How to download new uploaded files from s3 to ec2 everytime - amazon-web-services

I have an s3 bucket which will receive new files throughout the day. I want to download these to my ec2 instance everytime a new file is uploaded to the bucket.
I have read that its possible using sqs or sns or lambda. Which is the easiest of them all? I need the file to be downloaded as early as possible once it is uploaded into the bucket.
EDIT
I basically will be getting png images in the bucket every few seconds or minutes. Everytime a new image is uploaded, I want to download that on the instance which is already running. I will do some AI processing. As the images will keeep coming into the bucket, I want to constantly keep downloading it in the ec2 and process it as soon as possible.
This is my code in the Lambda function so far.
import boto3
import json
def lambda_handler(event, context):
"""Read file from s3 on trigger."""
#print(event)
s3 = boto3.client("s3")
client = boto3.client("ec2")
ssm = boto3.client("ssm")
instanceid = "******"
if event:
file_obj = event["Records"][0]
#print(file_obj)
bucketname = str(file_obj["s3"]["bucket"]["name"])
print(bucketname)
filename = str(file_obj["s3"]["object"]["key"])
print(filename)
response = ssm.send_command(
InstanceIds=[instanceid],
DocumentName="AWS-RunShellScript",
Parameters={
"commands": [f"aws s3 cp {filename} ."]
}, # replace command_to_be_executed with command
)
# fetching command id for the output
command_id = response["Command"]["CommandId"]
time.sleep(3)
# fetching command output
output = ssm.get_command_invocation(CommandId=command_id, InstanceId=instanceid)
print(output)
return
However I am getting the following error
Test Event Name
test
Response
{
"errorMessage": "2021-12-01T14:11:30.781Z 88dbe51b-53d6-4c06-8c16-207698b3a936 Task timed out after 3.00 seconds"
}
Function Logs
START RequestId: 88dbe51b-53d6-4c06-8c16-207698b3a936 Version: $LATEST
END RequestId: 88dbe51b-53d6-4c06-8c16-207698b3a936
REPORT RequestId: 88dbe51b-53d6-4c06-8c16-207698b3a936 Duration: 3003.58 ms Billed Duration: 3000 ms Memory Size: 128 MB Max Memory Used: 87 MB Init Duration: 314.81 ms
2021-12-01T14:11:30.781Z 88dbe51b-53d6-4c06-8c16-207698b3a936 Task timed out after 3.00 seconds
Request ID
88dbe51b-53d6-4c06-8c16-207698b3a936
When I remove all the lines related to ssm, it works fine.

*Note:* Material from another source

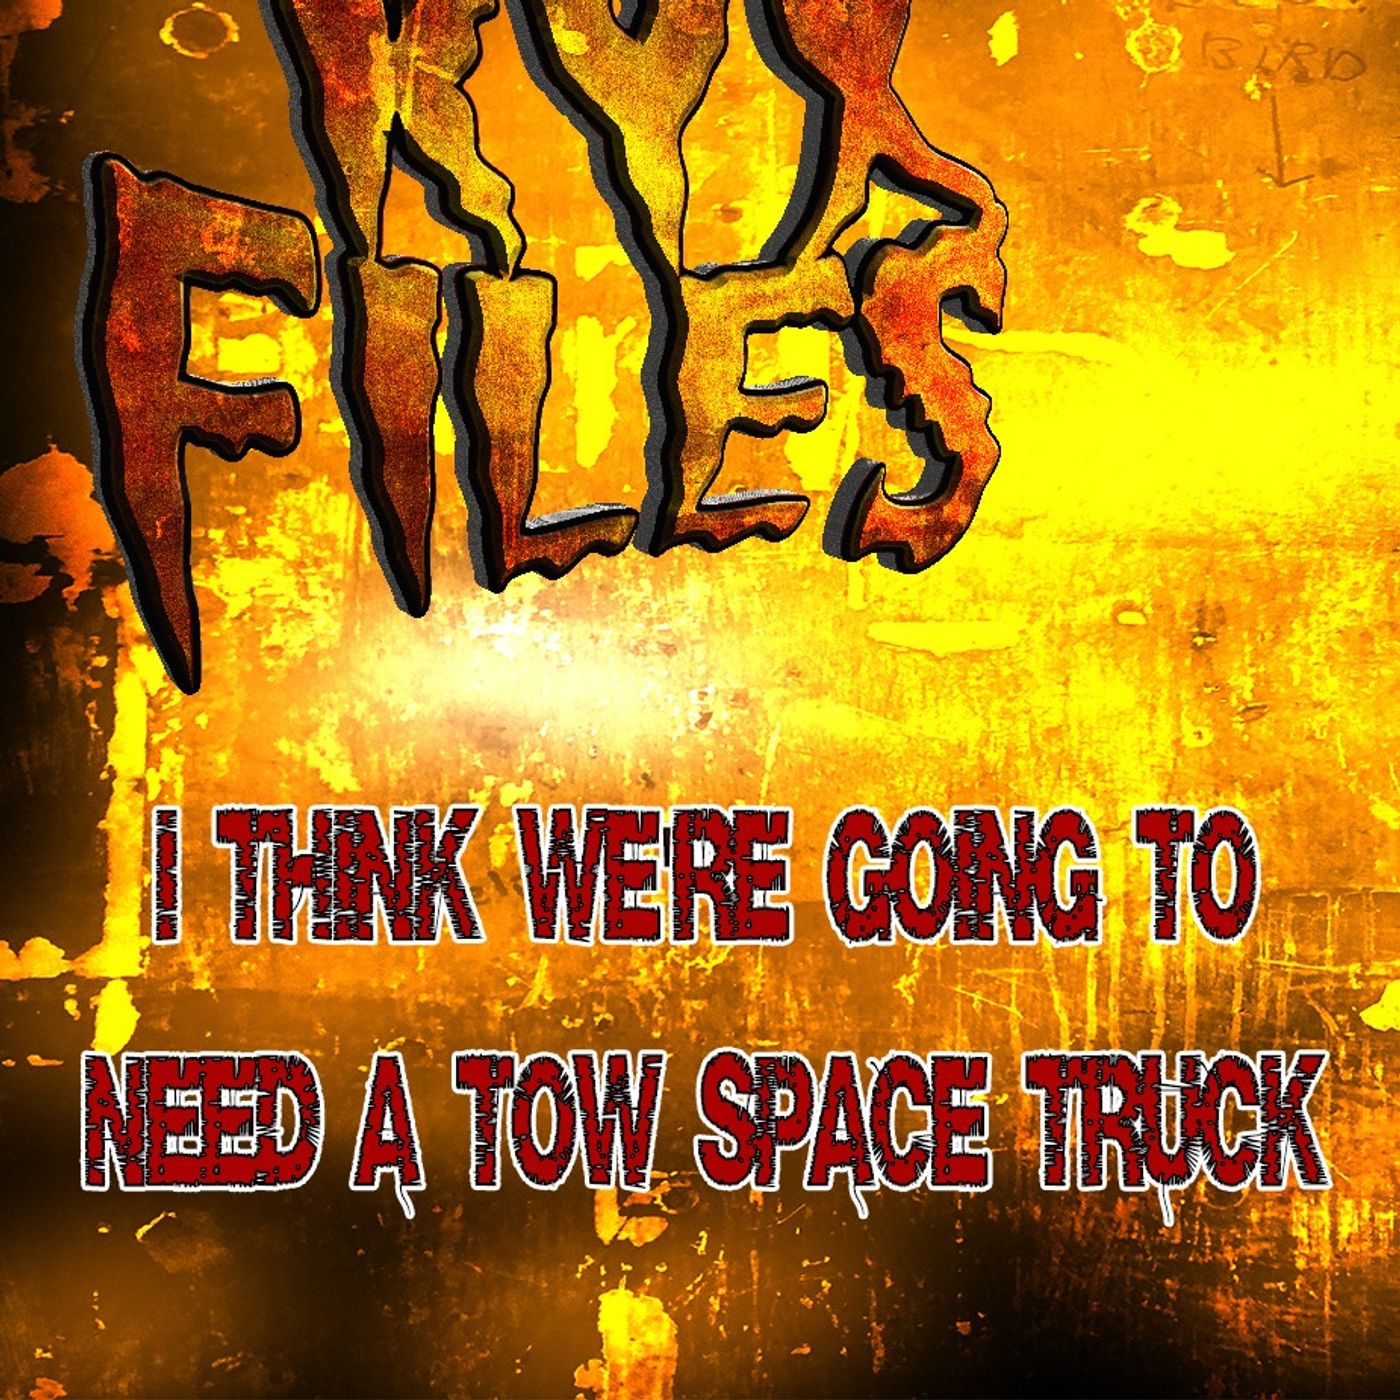 s367: Maybe the UFO just broke down. We need a space tow truck.

Is there any permission issue or is there any problem with the code?
EDIT2
My code is working but I dont see any output or change in my ec2 instance. I should be seeing an empty text file in the home directory but I dont see anything
Code
import boto3
import json
import time
import logging
logger = logging.getLogger()
logger.setLevel(logging.INFO)
def lambda_handler(event, context):
"""Read file from s3 on trigger."""
#print(event)
s3 = boto3.client("s3")
client = boto3.client("ec2")
ssm = boto3.client("ssm")
instanceid = "******"
print("HI")
if event:
file_obj = event["Records"][0]
#print(file_obj)
bucketname = str(file_obj["s3"]["bucket"]["name"])
print(bucketname)
filename = str(file_obj["s3"]["object"]["key"])
print(filename)
print("sending")
try:
response = ssm.send_command(
InstanceIds=[instanceid],
DocumentName="AWS-RunShellScript",
Parameters={
"commands": ["touch hi.txt"]
}, # replace command_to_be_executed with command
)
# fetching command id for the output
command_id = response["Command"]["CommandId"]
time.sleep(3)
# fetching command output
output = ssm.get_command_invocation(CommandId=command_id, InstanceId=instanceid)
print(output)
except Exception as e:
logger.error(e)
raise e

There are several ways. One would be to setup s3 notifications to invoke a lambda function. Then lambda function would use SSM Run Command to execute AWS CLI S3 command on your instance to download the file from S3.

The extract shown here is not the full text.